All of the wall assemblies perform well under idealized conditions. However, only the walls with exterior insulation, or cavity insulation that provides a hygrothermal function similar to exterior insulation, perform adequately when exposed to moisture loads. Walls with only cavity insulation are particularly susceptible to air leakage condensation. None of the walls performed well when a precipitation-based bulk water leak was introduced to the backside of the sheathing, emphasizing the importance of proper flashing details.
This report is intended for designers and builders who are concerned about best practices for moisture management in high R-value walls, and for researchers who may need to assess other high R-value assemblies.
1 Introduction
1.1 Problem Statement
Rising costs of energy, concerns relating to climate change, and demands for increased comfort have led to the desire for increased insulation levels in many new buildings. However, increasing the insulation used in new construction may lead to increased problems in managing moisture. Depending on the insulation strategy, new construction techniques and strategies may need to be employed to ensure that external and internal moisture sources are properly handled, such that moisture-sensitive materials are protected and maintained at safe levels.
Reducing the heat flow across an enclosure (by increasing insulation levels) may decrease its durability relative to standard construction, depending on how that heat flow reduction is achieved. High R-value walls are no different. By adding insulation inside of wood sheathing or cladding, the moisture content (MC) of the sheathing or cladding will rise in cold weather, the risk of condensation increases significantly, and outward drying potential is reduced. Adding insulation also increases the risk of condensation in the summertime only if cooling is present, whether by natural heating, ventilation, and air conditioning (HVAC) systems or natural cooling, but in this circumstance on the exterior side of the interior finish, especially if the interior finish is vapor impermeable (vapor barriers, cabinets, mirrors, etc.). In short, pressure to increase energy efficiency has a potential “systems effect” on the moisture-related performance of new and existing housing, and this impact must be understood to mitigate unexpected and unintended performance and durability problems.
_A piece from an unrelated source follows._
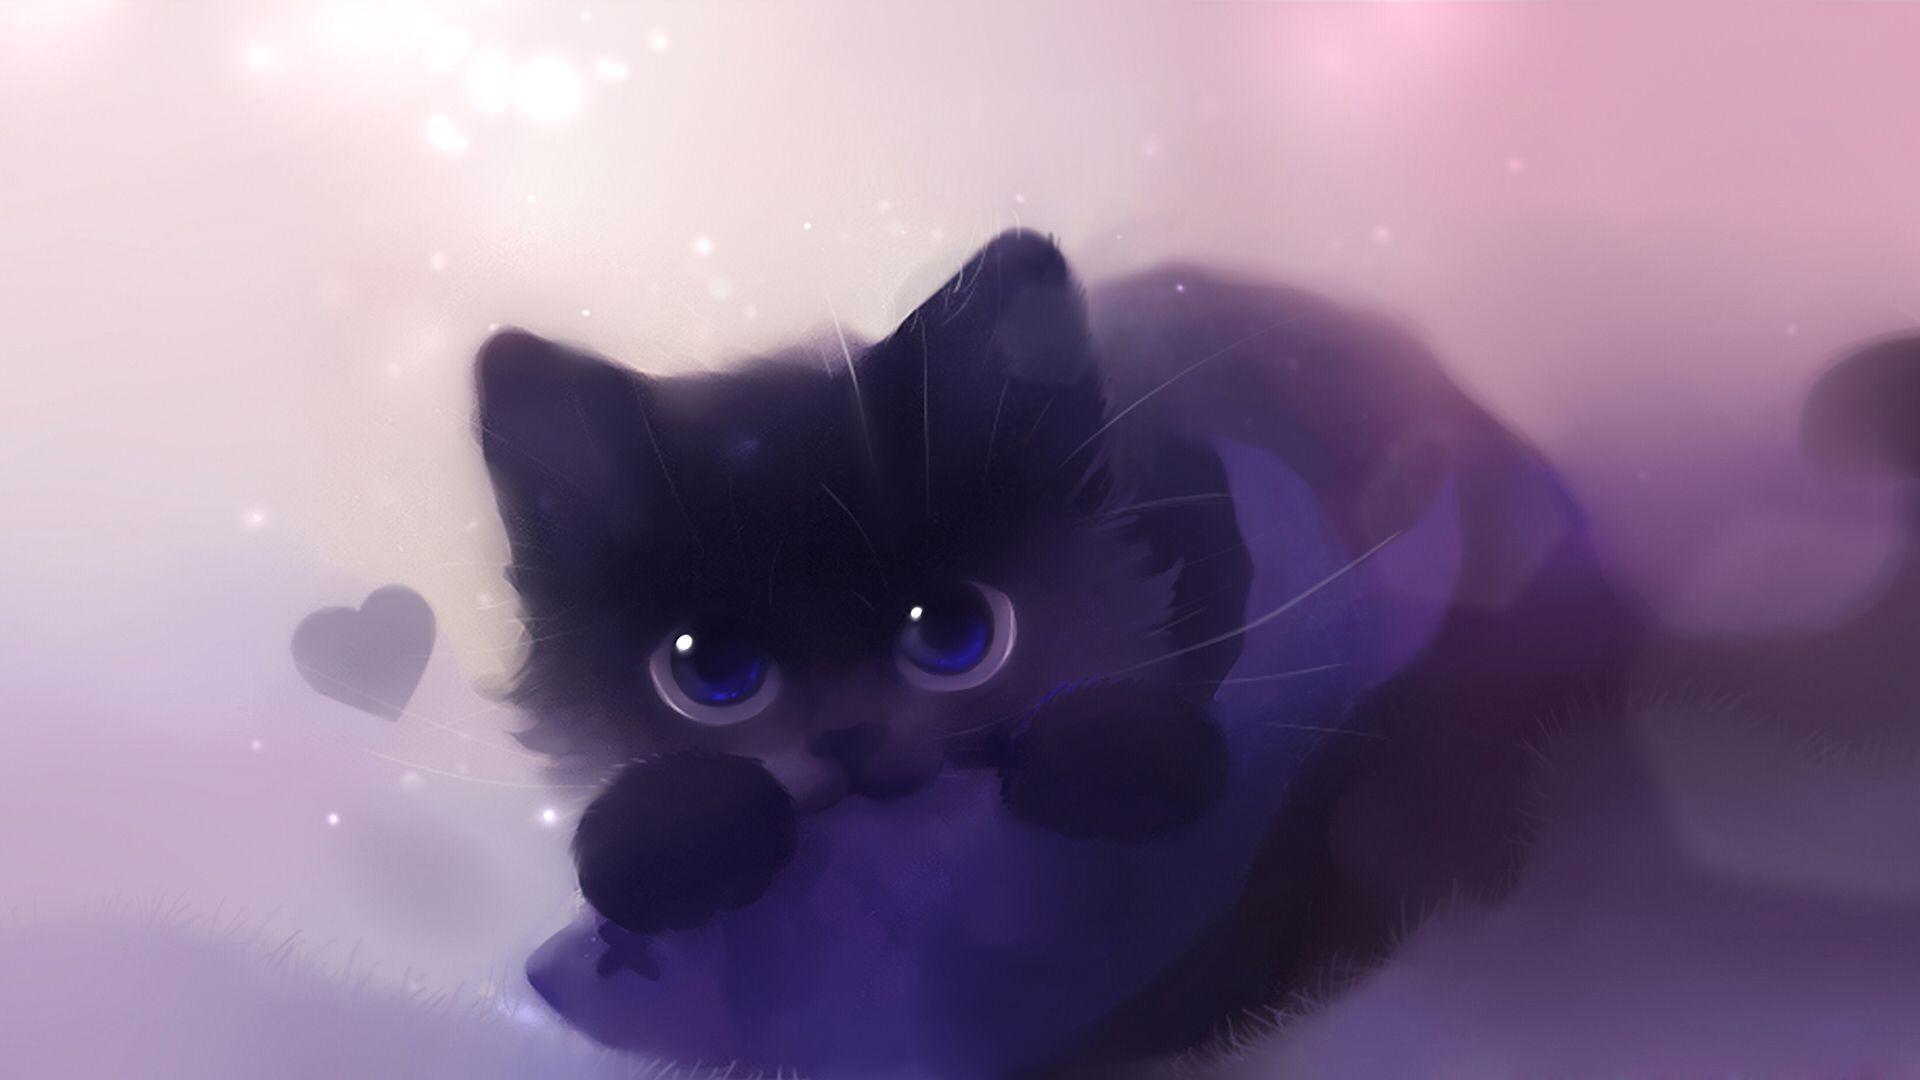 Kawaii Anime Cat Wallpapers Top Free Kawaii Anime Cat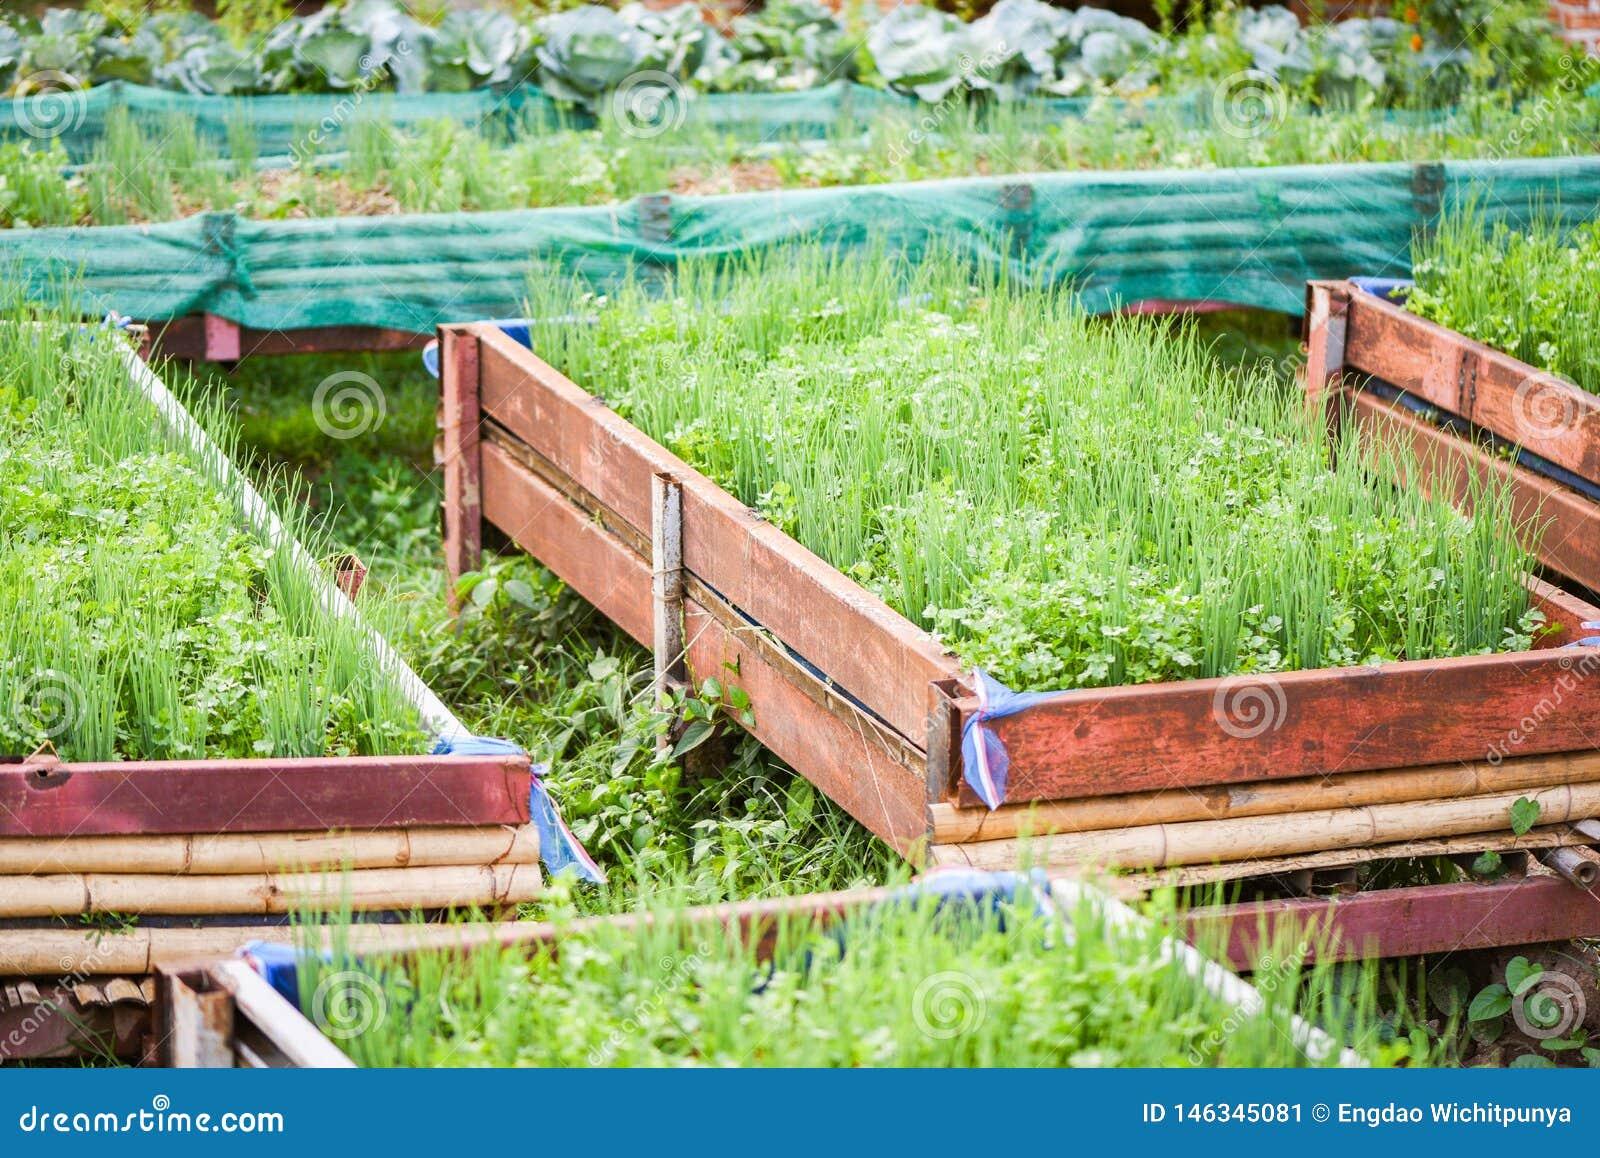 Oignon Blanc A Planter plantation de l'oignon de ressort de coriandre et d'oignon

The risk of moisture damage depends on a number of factors, including climate (seasonal changes, orientation, exposure) and interior conditions (temperature, relative humidity [RH], pressurization), as well as particulars of the wall assembly such as cladding type, the presence or absence of a ventilation and drainage gap behind the cladding, the sheathing material, the type and location of insulation material, the vapor permeance of various layers (including vapor control layers and finishes), and the sensitivity of the assembly to workmanship errors, movement over time, and environmental changes. The range of factors involved makes understanding and predicting moisture-related performance a complicated activity.
A significant amount of laboratory and field research has been conducted to better understand the moisture performance of materials, subassemblies, and enclosure systems. A significant amount of research is still underway; however, research is increasingly conducted by the private sector and is not immediately made available to those who are designing and building. At the same time, insulation and airtightness standards continue to become more stringent while the number of available building materials and systems continues to increase. Designers and builders, faced with greater demands and more options, are now seeking more information and guidance from manufacturers, consultants, and standards organizations; however, real physical testing, analysis, and reporting have not kept up with the industry demand for information and guidance.
For interim guidance, the fundamental physics of moisture properties and motion in building components and systems, complemented with empirical evidence and observations, can be applied to infer the moisture-related problems in existing and proposed buildings. Sophisticated hygrothermal simulation tools have been developed. When the limitations of the simulations are understood, and the simulation results are calibrated against field and laboratory measurements, these tools can extend our ability to make recommendations.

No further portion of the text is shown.